Plus récemment encore, en 2025, la Suisse a reconnu devant le Conseil des droits de l’homme des Nations Unies la persistance de violations graves des droits humains au Burundi, notamment des disparitions forcées, des détentions arbitraires, des actes de torture et des exécutions extrajudiciaires.
Aujourd’hui pourtant, en procédant à des renvois forcés, la Suisse semble ignorer ses propres mises en garde ainsi que les conclusions des mécanismes internationaux de protection des droits humains, s’exposant ainsi à une violation manifeste de ses obligations internationales. Cette contradiction est d’autant plus frappante au regard de l’intervention du Représentant suisse au Conseil des droits de l’homme des Nations Unies, le 24 novembre 2025 à Genève, sur la situation au Burundi.

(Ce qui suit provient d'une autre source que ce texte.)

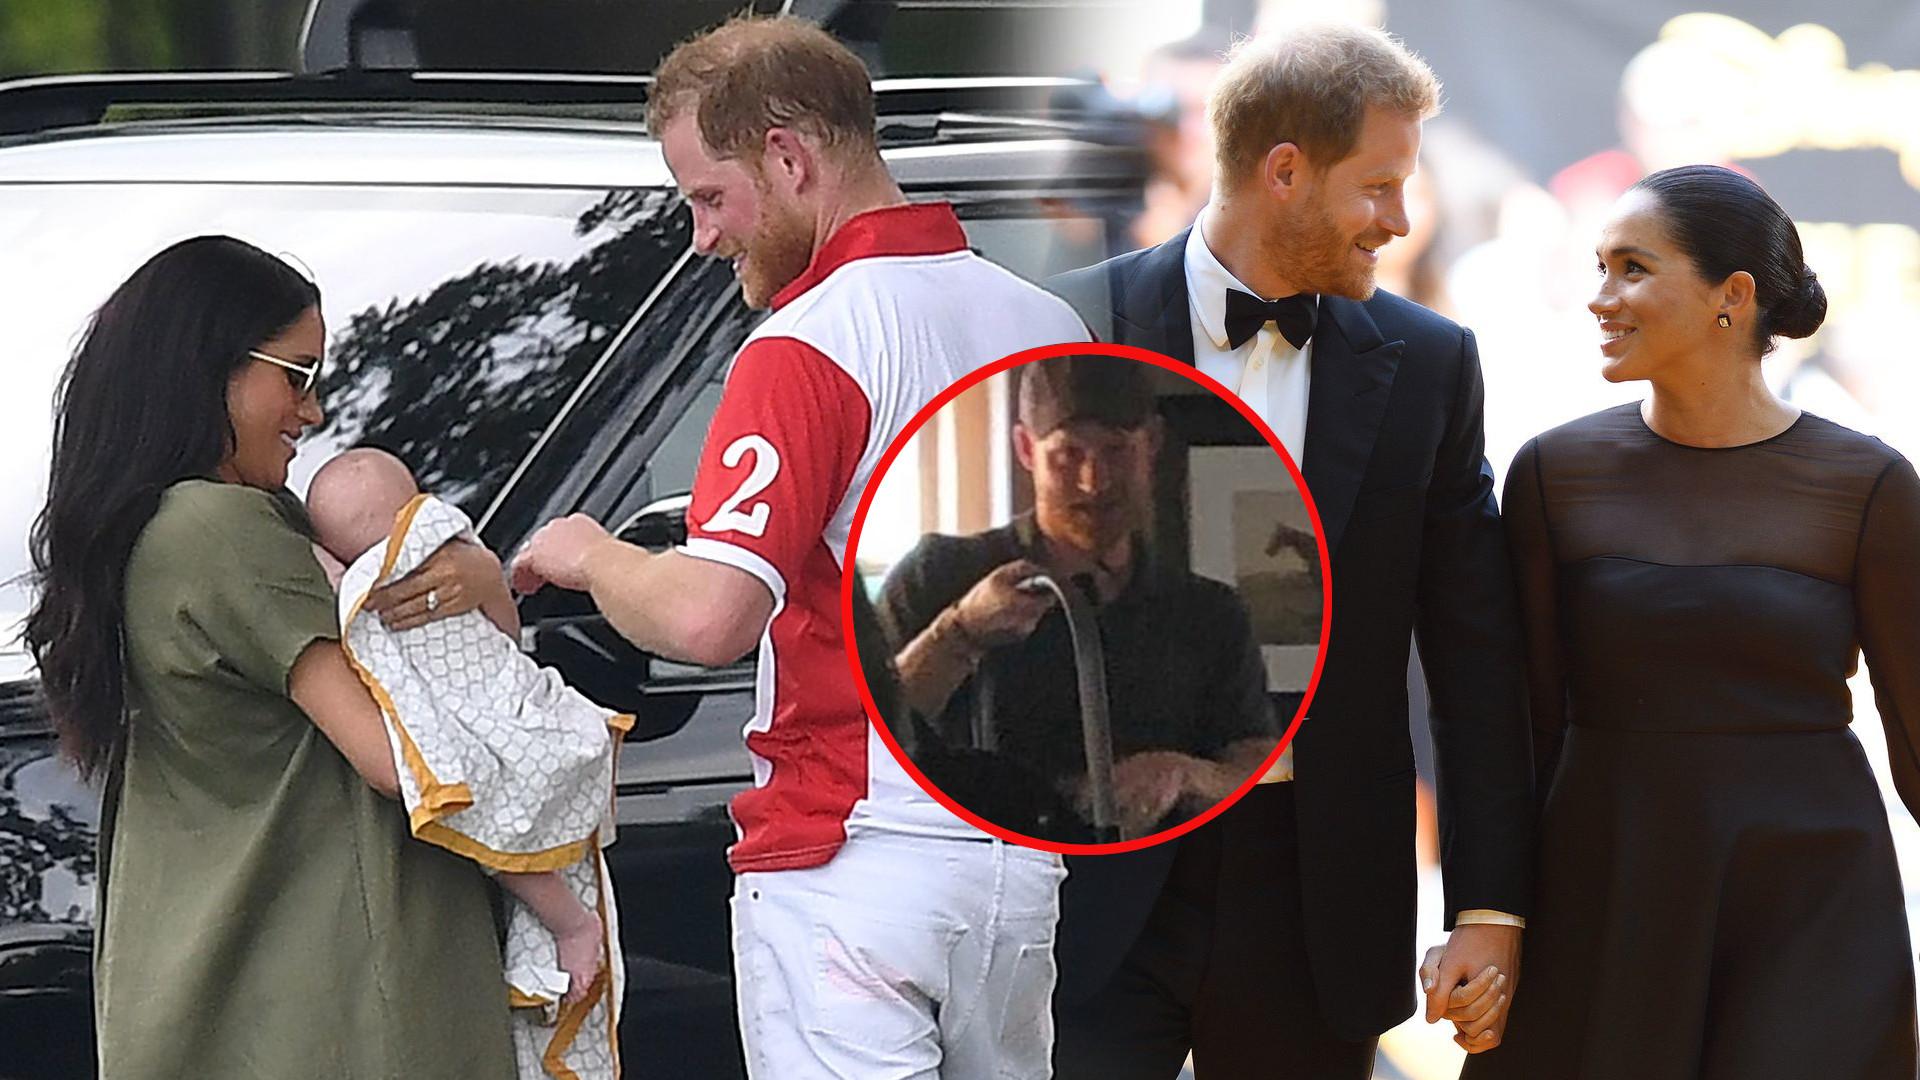 Meghan i Harry z Archiem sfotografowani w PUBIE – księżna w szortach, a książę zamówił piwo (ZDJĘCIA)
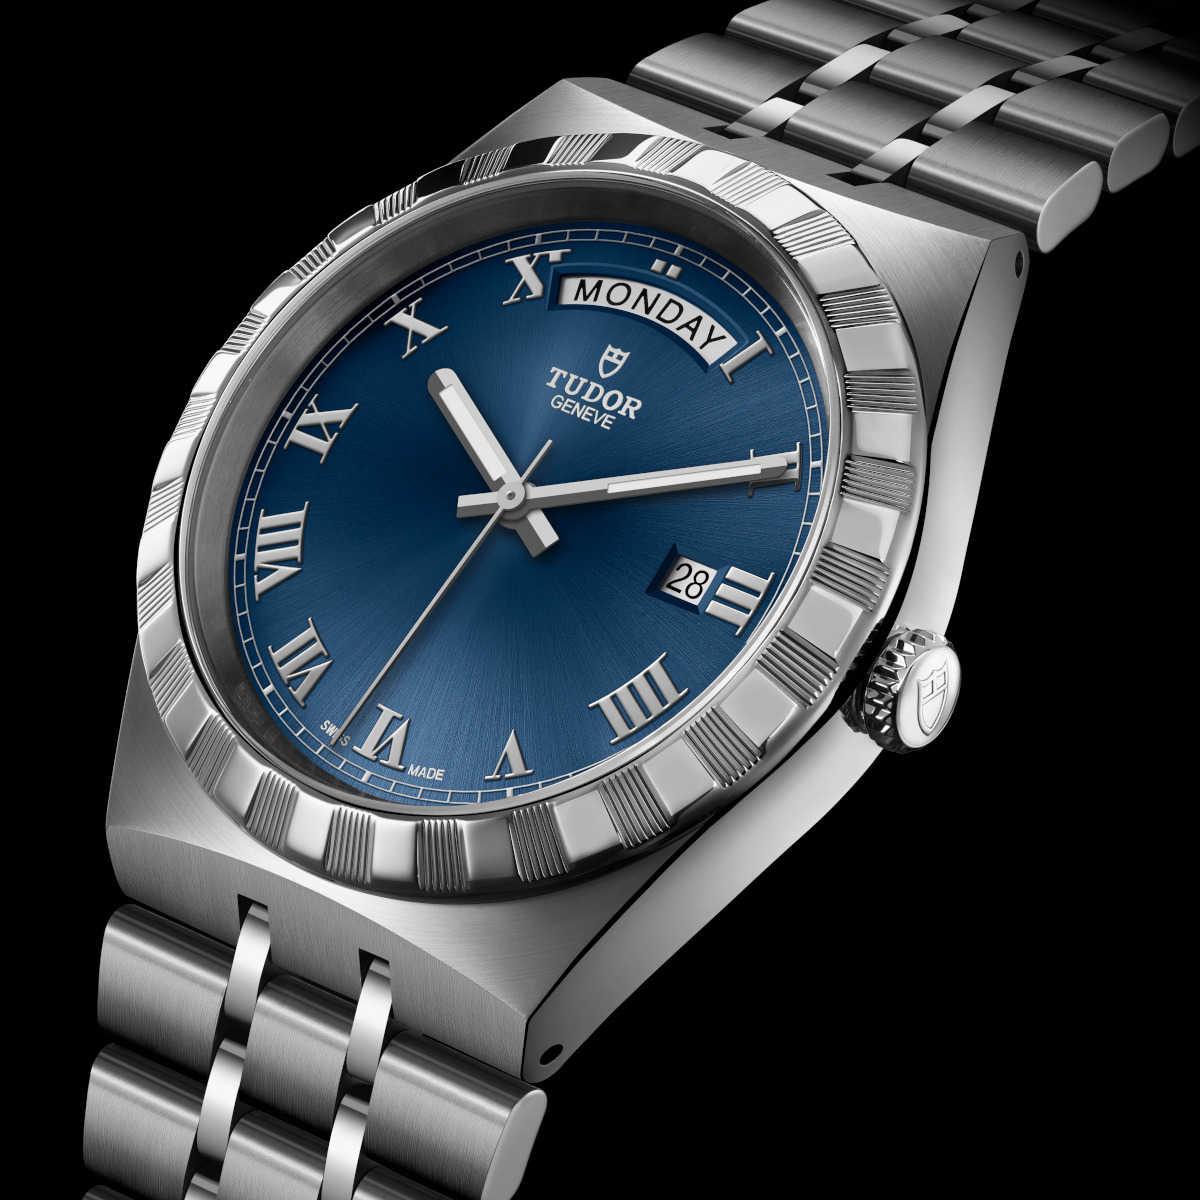 〈チューダー〉の新作は  気品を纏った大人のスポラグ時計!

Pour rappel, le gouvernement burundais refuse toujours l’accès au Rapporteur spécial des Nations Unies sur la situation des droits de l’homme au Burundi et a mis fin à la présence du Bureau du Haut-Commissariat des Nations Unies aux droits de l’homme depuis 2019. Ce refus persistant de coopération constitue un signe alarmant du manque de transparence et de volonté de réforme des autorités burundaises, un constat que la Suisse elle-même a reconnu publiquement.
Dans ce contexte, toute décision de renvoi vers le Burundi revient à exposer sciemment des personnes à un risque élevé de persécutions, en contradiction directe avec les principes fondamentaux du droit international humanitaire et de la protection des réfugiés.
Une Commission d’enquête de l’ONU a établi qu’il existait des « motifs raisonnables de croire que des crimes contre l’humanité ont été commis » depuis avril 2015.
Pour rappel : Le Principe de non-refoulement est la pierre angulaire du droit international en matière d’asile.